Reformen im Gesundheitswesen sind schwierig. Vor allem wenn die Leistungen exzellent sind und das Volk Angst vor Qualitätseinbussen hat. Dies sagte Bundesrat Alain Berset heute bei der Präsentation des Berichts «Gesundheit2020». Eine Gesamtstrategie mit politischer Unterstützung in allen Bereichen sei jetzt nötig.
In seiner Gesamtschau wies Berset darauf hin, dass die Zahl der chronisch kranken Menschen in den kommenden Jahren allein als Folge der demografischen Entwicklung weiter steigen werde. Einen Kostenschub erwartet der Gesundheitsminister auch durch den Umstand, dass künftig Menschen vermehrt nicht mehr im Spital, sondern ambulant versorgt werden wollten.

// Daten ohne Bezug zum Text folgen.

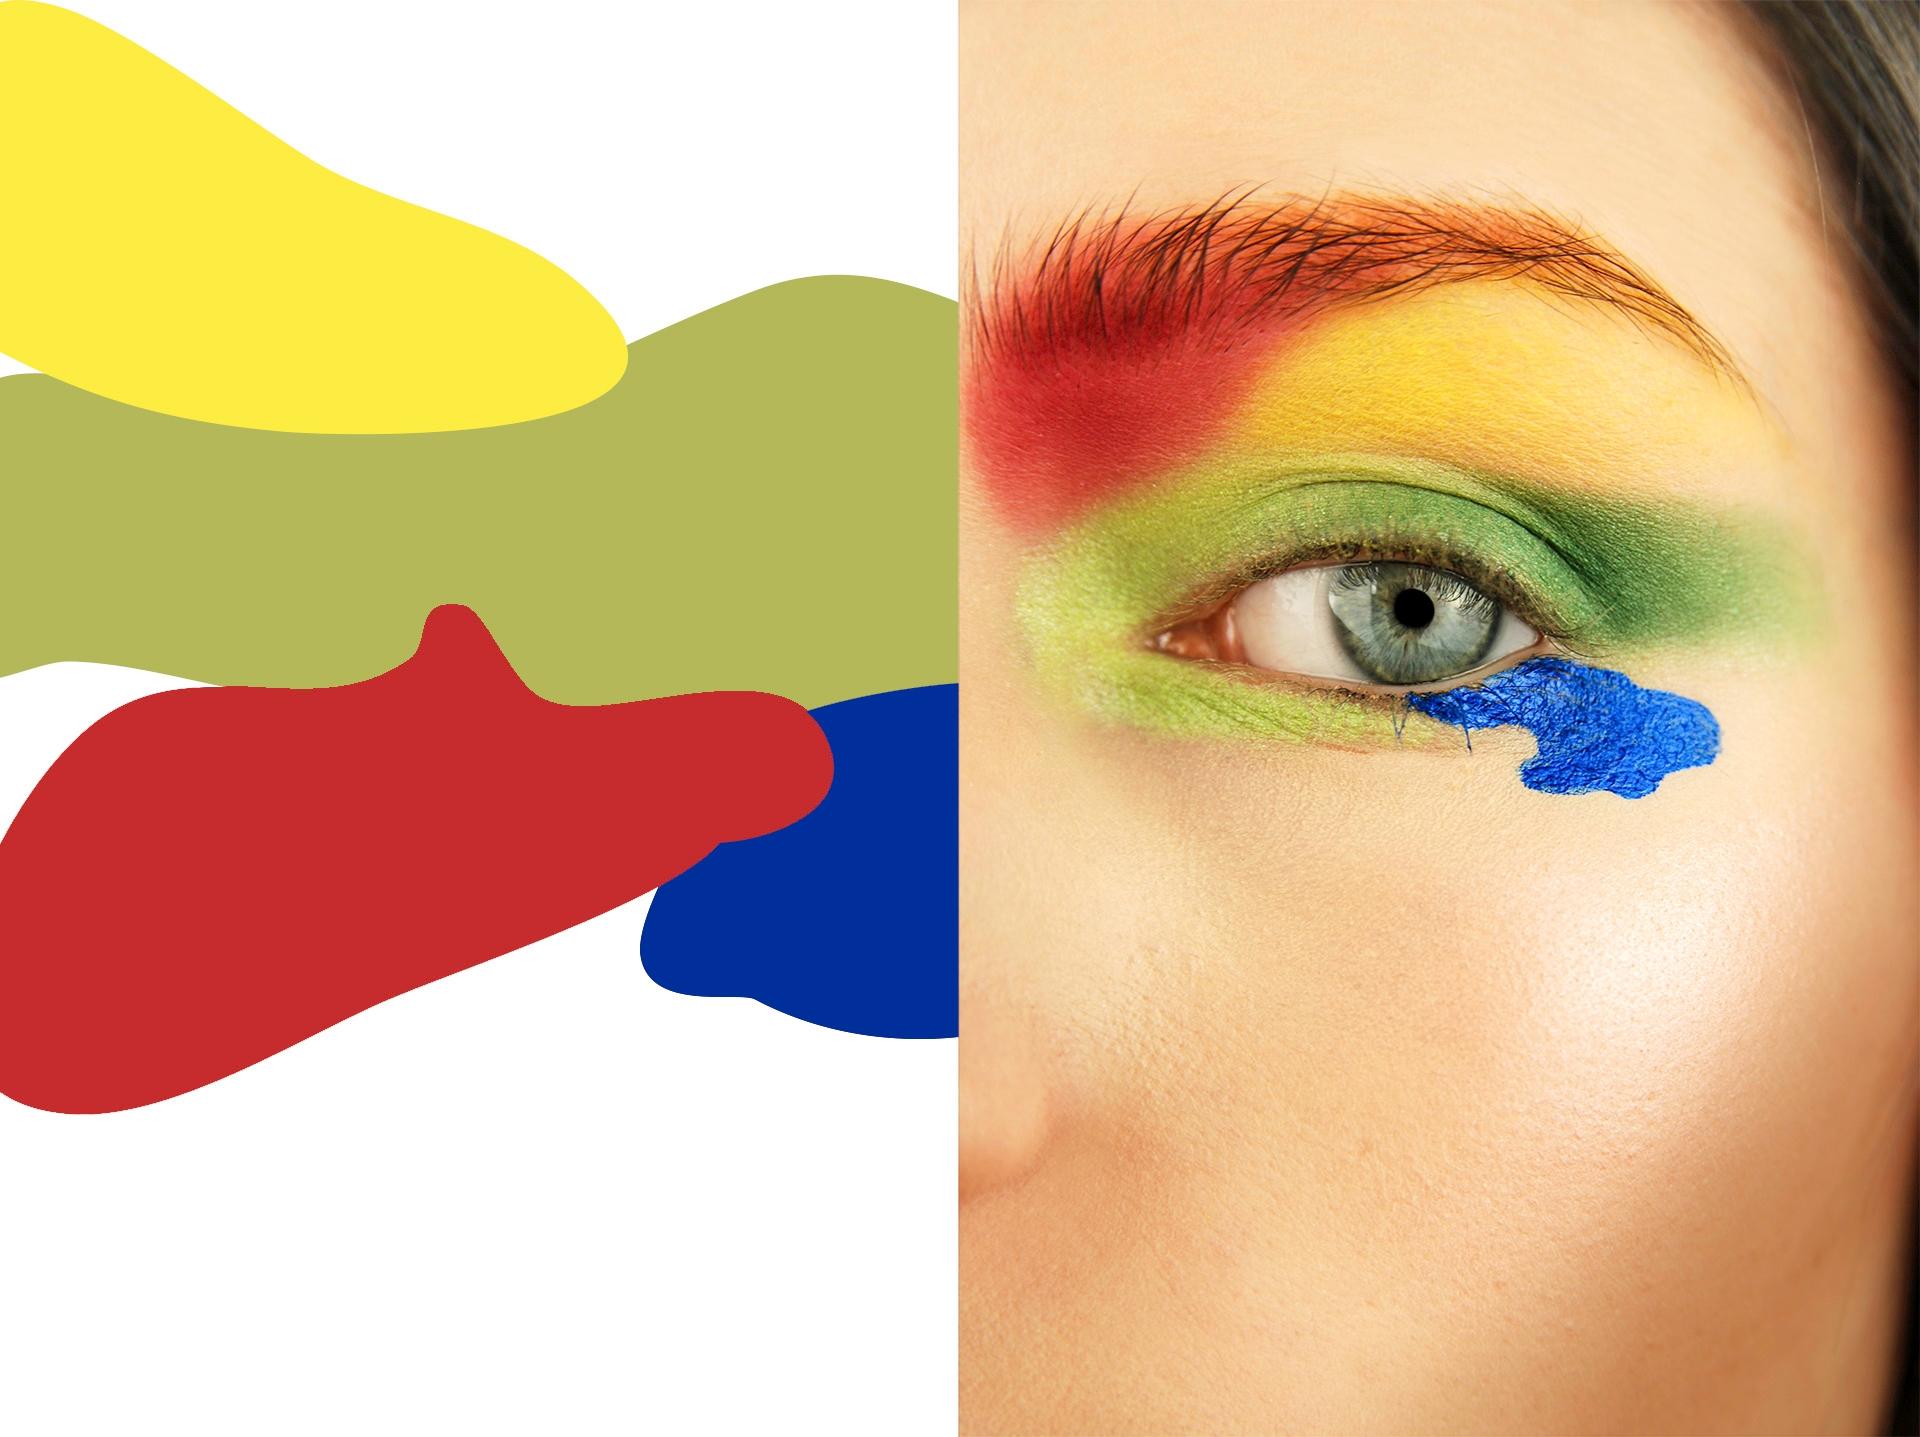 Make-up inspirowany obrazem. 'Tutti Frutti' by Helen_Frankenthaler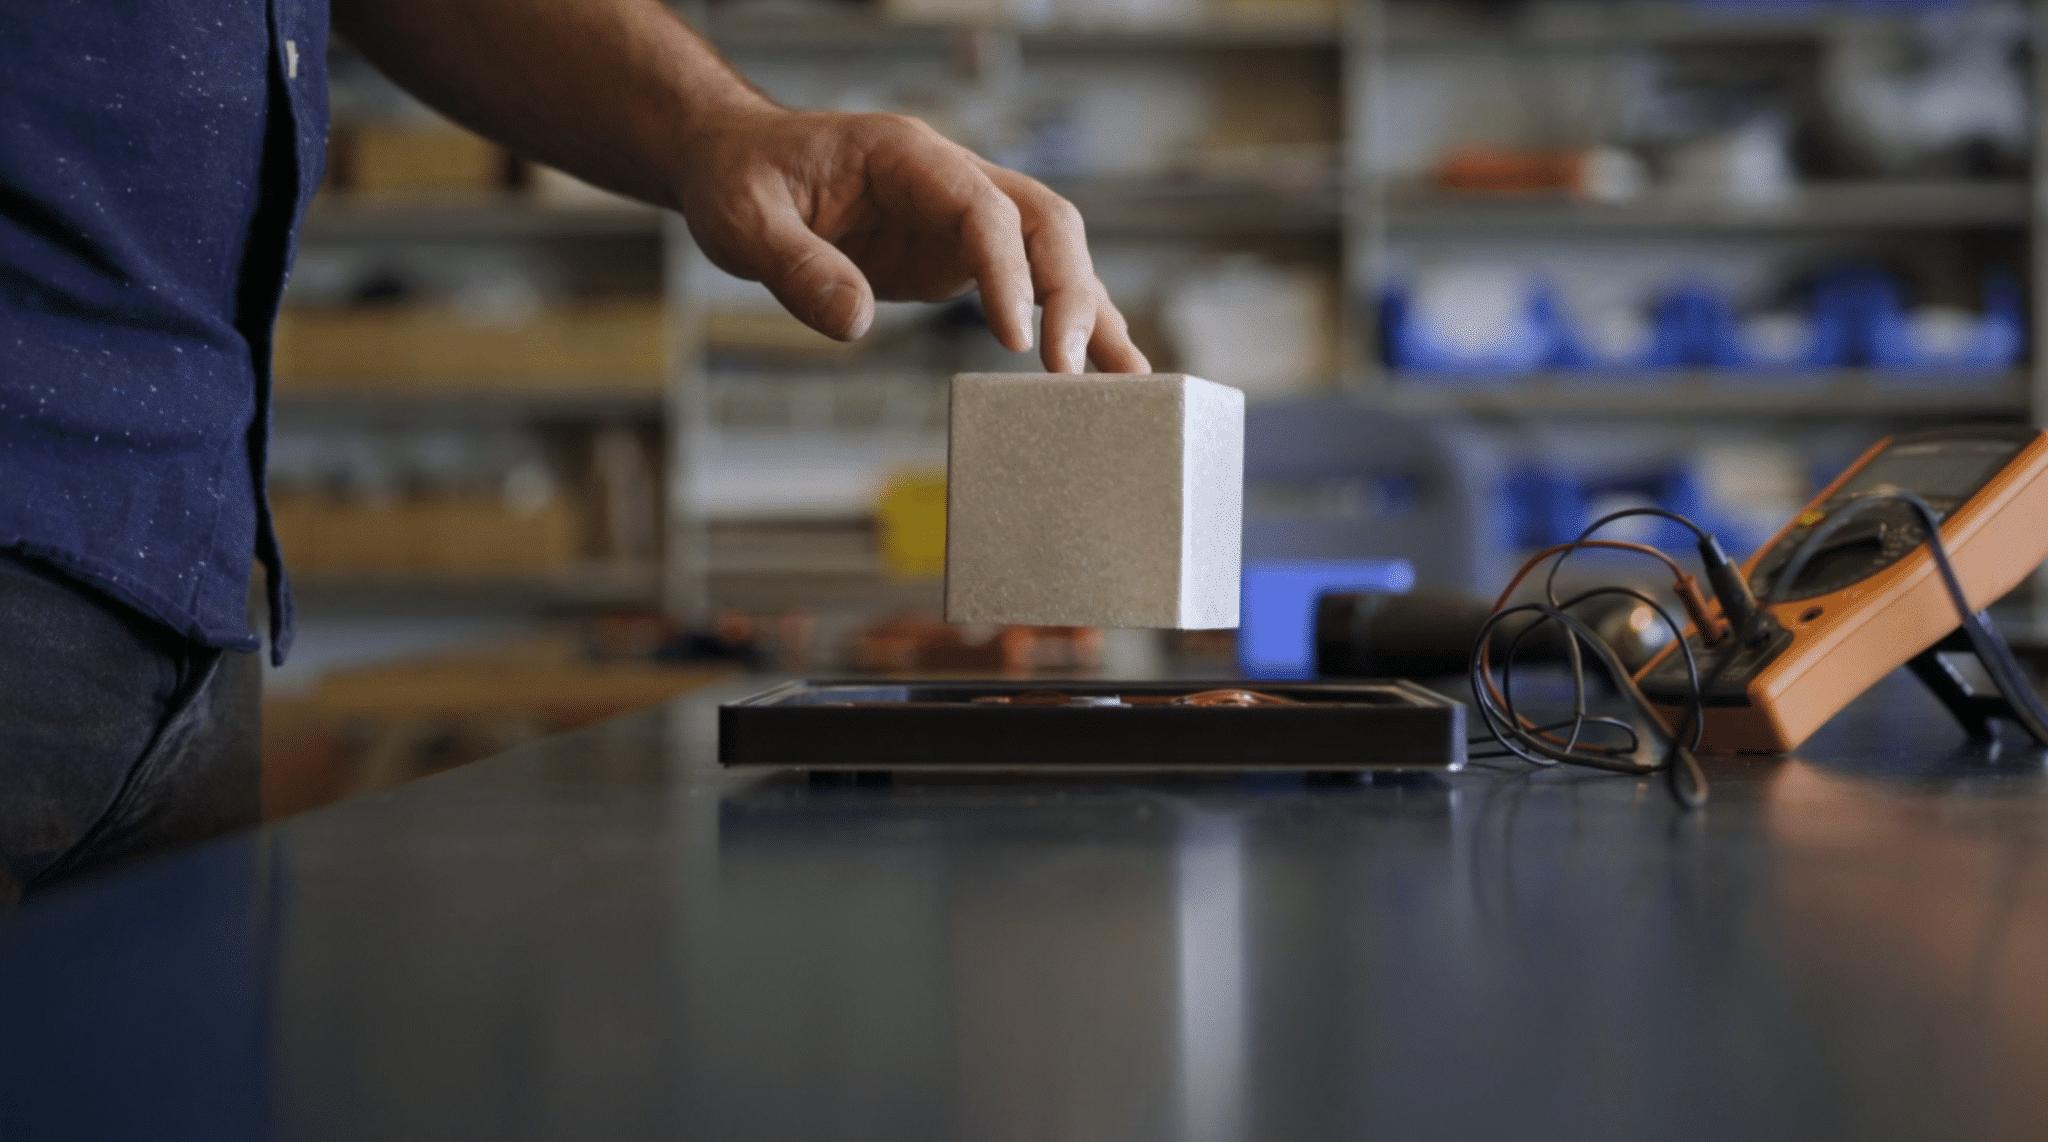 levitation technology

In Zukunft müssen Vorbeugung, überalterungsbedingte Langzeitpflege und die Pflege im letzten Lebensabschnitt mehr Gewicht erhalten. Von einer integrierten Versorgung - der besseren Abstimmung von der Vorbeugung bis zu Palliative Care - erhofft sich die Regierung tiefere Kosten.
Kassensystem vereinfachen?
Berset wies darauf hin, dass die Kantone und der Bund jährlich über vier Milliarden Franken für die Prämienverbilligung ausgeben. Damit werde die ungleiche wirtschaftliche Leistungsfähigkeit heute bereits ausgeglichen. Möglicherweise gebe es aber bessere Lösungen.
Einbetten liessen sich solche Anpassungen laut Berset durch eine generelle Vereinfachung des Systems. Das Bundesamt für Gesundheit genehmige jährlich weit über 200'000 Einzelprämien. Aus Bersets Sicht zeigt sich darin, wie kompliziert das System ist.
Mehr Effizienz in vielen Bereichen
Von den 36 Massnahmen, die der Bericht aufzählt, sind die meisten bekannt . Zu den vordringlichen gehört nun laut Berset die Stärkung der Hausarztmedizin. Vermehrte Pauschalpreise für Gesundheitsleistungen und der gezielterer gesteuerten Ausbildung von Ärzten und anderen Gesundheitsfachleuten sollen weitere Fortschritte bringen.
Der Bericht geht davon aus, dass allein durch Effizienzgewinne 20 Prozent der Kosten entfallen werden. Und zwar ohne Qualitätseinbussen. Ein probates Mittel seien etwa die elektronischen Patientendossiers.
Sollen Reiche mehr bezahlen?
Der Bundesrat schlägt zugleich vor, die wirtschaftliche Leistungsfähigkeit bei Erwachsenen verstärkst zu berücksichtigen: Konkret: Reiche sollen einen grösseren Anteil ihrer Gesundheitskosten selber übernehmen. Kinder könnten dagegen befreit werden.
Wie er das genau machen will, liess Berset vorerst offen. Es sei allerdings nicht vorgesehen, die Prämienhöhe mit dem Einkommen zu verbinden. Prüfen will der SP-Bundesrat eine allfällige Anpassung des Franchise-Systems. Denn eine hohe Franchise und damit tiefere Prämien könnten sich ärmere Familien wegen des finanziellen Risikos nicht leisten.